Volodymyr Davydenko says: “At a certain point you can’t make security compliance checks on a cluster or infrastructure level. As successful cases prove it, security validation is better done at the CI level”.
Promotion between environments
It is a well-known issue that GitOps has no established practice for dealing with multi-environment configurations. Let’s say you need to promote an artefact, a container image from one environment into another without rebuilding it. How could that be implemented with GitOps, provided that the artefact’s URL changes when migrating from one container registry into another? There is no simple answer. The possible solutions could be:
- using a single repository with a branch for each environment
- using a separate repository for each environment
- using a single repository with a subfolder for each environment
with each of them entailing their own disadvantages.

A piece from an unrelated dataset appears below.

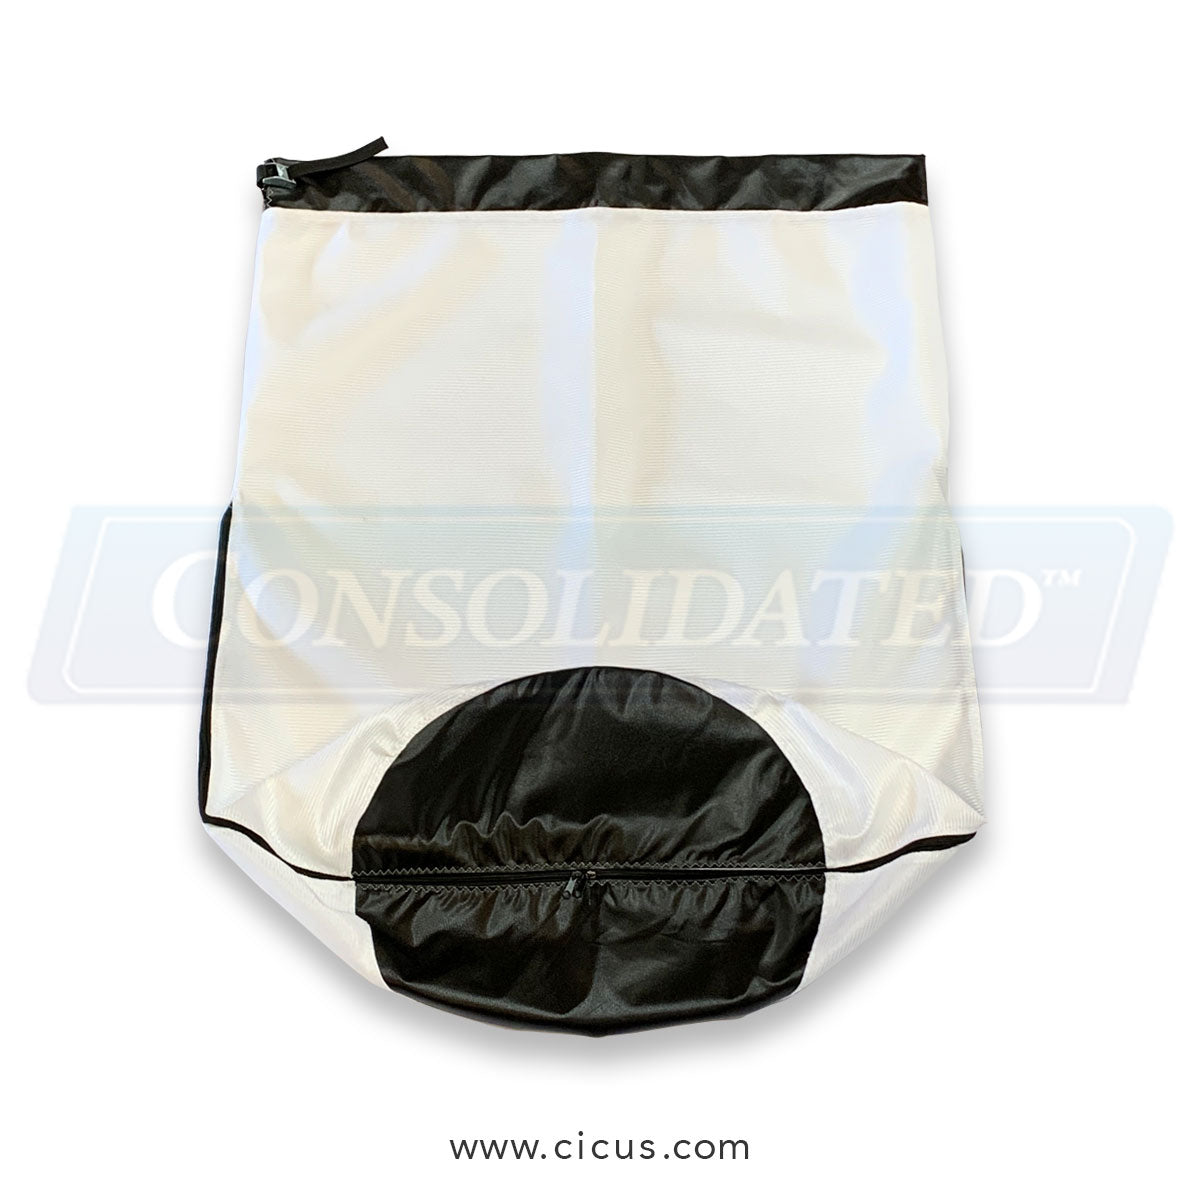 Coronet 40" w x 66" T Lint Bag w/ Wrap Around Zipper [CIC-40X5FTX6BAG-ZIP]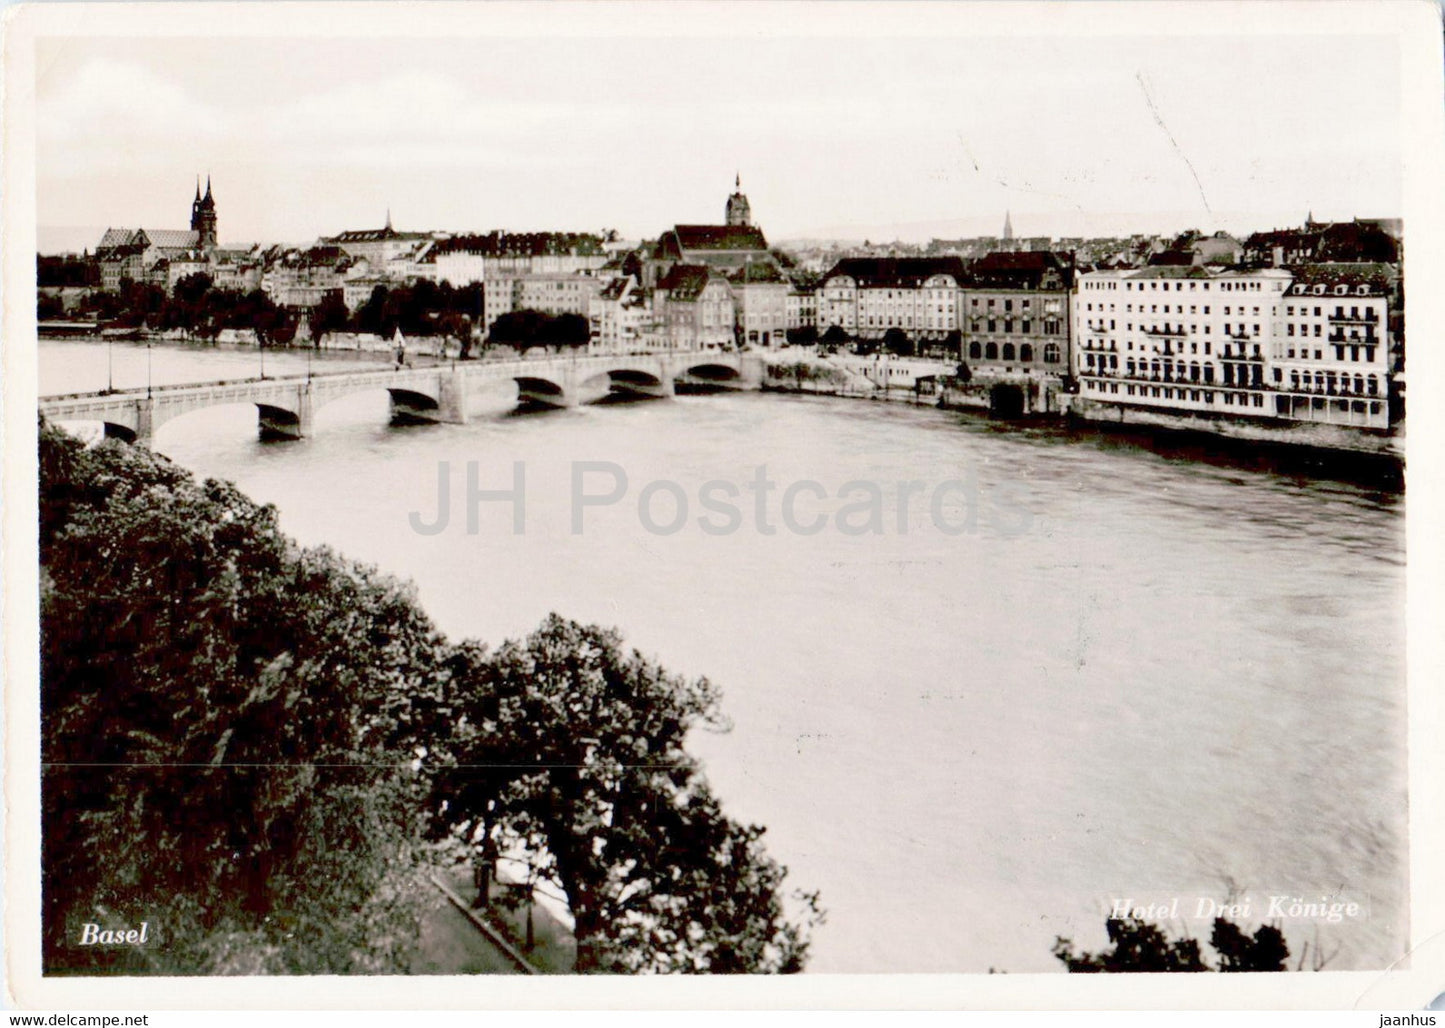 Basel - Hotel Drei Konige - bridge - 547 - old postcard - Switzerland - used - JH Postcards

Handling secrets is an important part of the software development, which is however left unaddressed in GitOps. According to Volodymyr Davydenko, GitOps tools lack functionality in building security policies: “Even being integrated with Hashicorp Vault and by making use of Vault Secrets Operator, both Flux and ArgoCD don’t match corporate security policies”. With GitOps tools providing no solution for this, it remains unclear how to deal with secrets in GitOps.
Volodymyr Tsap believes that GitOps is the next step in the technological chain that succeeds DevOps: “Linux, Git, Kubernetes, DevOps, GitOps — these are all stages of technological evolution. Today GitOps is a must-have skill that forms your value in the market”.
Stanislav Kolenkin: “GitOps as a solution will surely evolve further. The new functionality, all the issues that we have mentioned — this all will be growing in a snowball effect. Nevertheless, your choice must always be project-centric. That’s not to say that GitOps is a one-size-fits-all solution”.
To wrap it up, our experts came to a consensus that the future of GitOps lies in self-serviced automated platforms. Volodymyr Davydenko says: “I can see some companies already shifting from the GitOps pattern to standardized platform tools. During the onboarding process developers sign in to such a platform that provides them with repository templates, enables to choose a programming language, the way to build a Docker image and where to deploy it. But above all this platform defines a workflow that is triggered after the first commit is done into dev, and how this is then delivered to production”.